The models we constructed last week assumed no dispersion issues in the model. We will examine the dispersion of the data below. We begin by doing a quasi-poisson regression.

quasimodel.rates <- glm(BrooklynBridge ~ Day + AvgTemp + NewPrecip, offset = log(Total), 
                   family = quasipoisson, data = biking)
pander(summary(quasimodel.rates)$coef, caption = "Quasi-Poisson regression on the proportion of NYC cyclists who used the Brooklyn Bridge for each day of the week adjusted by average temperature and precipitation.")
Quasi-Poisson regression on the proportion of NYC cyclists who used the Brooklyn Bridge for each day of the week adjusted by average temperature and precipitation. Right off the bat, we can see that the p-values of the quasi-poisson model are much larger than the original. We can find the dispersion index with the following code.
  Estimate Std. Error t value Pr(>|t|)
(Intercept) -1.854 0.1343 -13.81 2.569e-12
DayMonday -0.008945 0.05362 -0.1668 0.869
DaySaturday 0.02704 0.05482 0.4933 0.6267
DaySunday 0.0487 0.05762 0.8451 0.4072
DayThursday -0.02096 0.05167 -0.4058 0.6888
DayTuesday -0.02645 0.04936 -0.5359 0.5974
DayWednesday -0.004351 0.05045 -0.08625 0.932
AvgTemp -0.00156 0.002032 -0.7678 0.4508
NewPrecip -0.09782 0.03672 -2.664 0.01418
ydif=biking$BrooklynBridge-exp(model.rates$linear.predictors)  # diff between y and yhat
prsd = ydif/sqrt(exp(model.rates$linear.predictors))   # Pearson residuals
phi = sum(prsd^2)/15          # Dispersion index: 24-9 = 15  
pander(cbind(Dispersion = phi))
Dispersion
22.71

This returns a dispersion index of 22.71, which is much larger than one. Therefore, we will use the quasipoisson model as our final model.

5 Visualizations

We will now create a graph that visualizes the relationship between the proportion of cyclists that took the Brooklyn Bridge and the day of the week for days with and without precipitation.

NoPrecipitation = c(exp(-1.854-0.008945), exp(-1.854-0.02645),   
               exp(-1.854-0.004351),exp(-1.854+0.02096),
               exp(-1.854),exp(-1.854+0.02704), exp(-1.854+0.0487))

Precipitation = c(exp(-1.854-0.008945-0.09782), exp(-1.854-0.02645-0.09782),   
               exp(-1.854-0.004351-0.09782),exp(-1.854+0.02096-0.09782),
               exp(-1.854-0.09782),exp(-1.854+0.02704-0.09782), exp(-1.854+0.0487-0.09782))

minmax = range(c(NoPrecipitation, Precipitation))

plot(1:7, NoPrecipitation, type="l", lty =1, col="red", xlab="", 
               ylab="Prop. of Brooklyn Cyclists", xlim=c(0,7), ylim=c(0.1, 0.2), axes=FALSE )
title("The Trend Line of Proportion of Brooklyn Bridge Cyclists")
axis(2)
axis(1, labels=c("Monday","Tuesday","Wednesday","Thursday","Friday","Saturday", "Sunday"), 
            at = 1:7)
points(1:7,NoPrecipitation, pch=19, col="red")
##
lines(1:7, Precipitation, lty =2, col="blue")
points(1:7, Precipitation, pch=20, col="blue")

##
legend("topleft", c("No Precipitation","Precipitation"),
                  pch=19:22, lty=1:2,  bty="n", 
        col=c("red", "blue"))

6 Final Model and Discussion

In the quasipoisson model, it does not appear that the average temperature or the day of the week is significant to the proportion of cyclists that used the Brooklyn Bridge for that day.

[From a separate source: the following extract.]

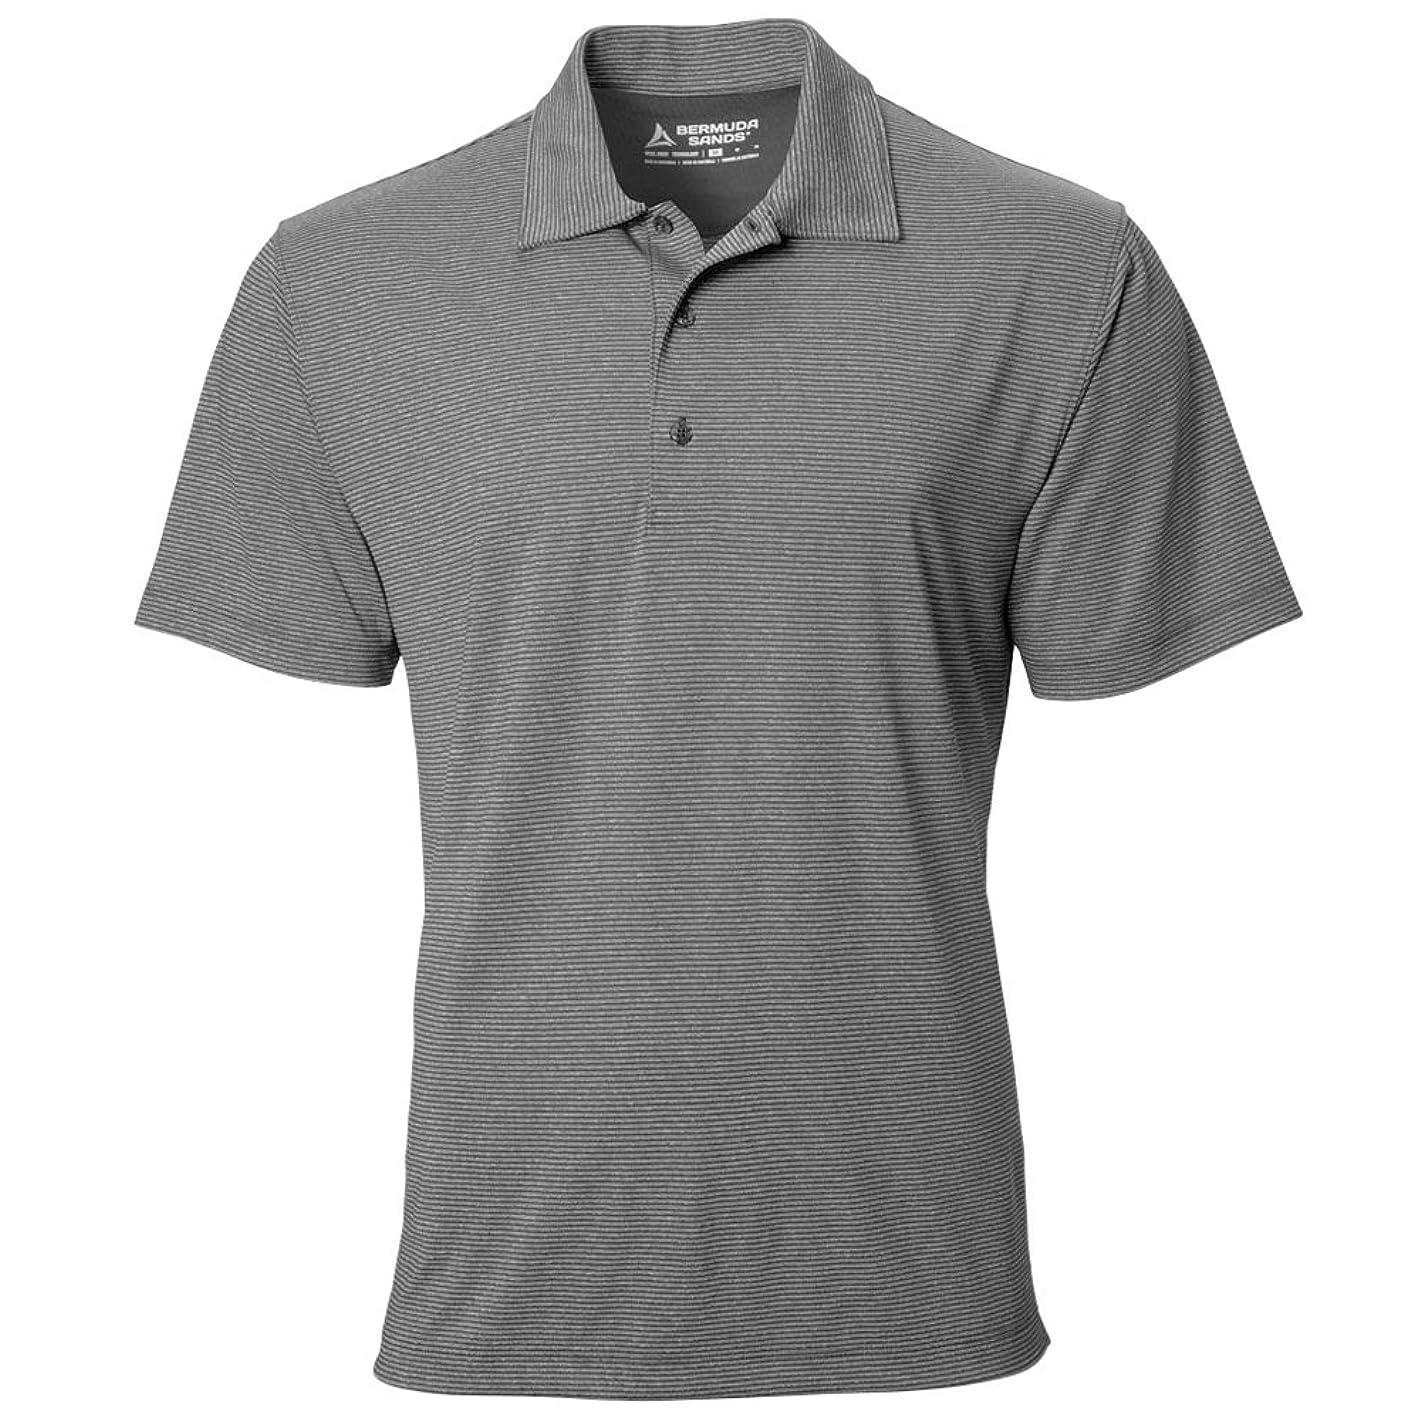 Bermuda Sands Elite Golf Polo Black Heather Medium

Whether or not there was precicipation that day has a signficant effect on the proportion of cyclists on the Brooklyn Bridge according to the model, with \(log(R_{precipitation})-log(R_{no precipitation})=-0.09782\), which indicates that precipitation meant that about 10% fewer cyclists would use the bridge.

The visualization indicates that the proportion of cyclists that used the bridge remained relatively constant over the days of the week with a slight increase on the weekends, and that there was a smaller proportion of cyclists on the bridge on the days where there was measured precipitation. As the lines seem “parallel,” no interaction effect is observed as well.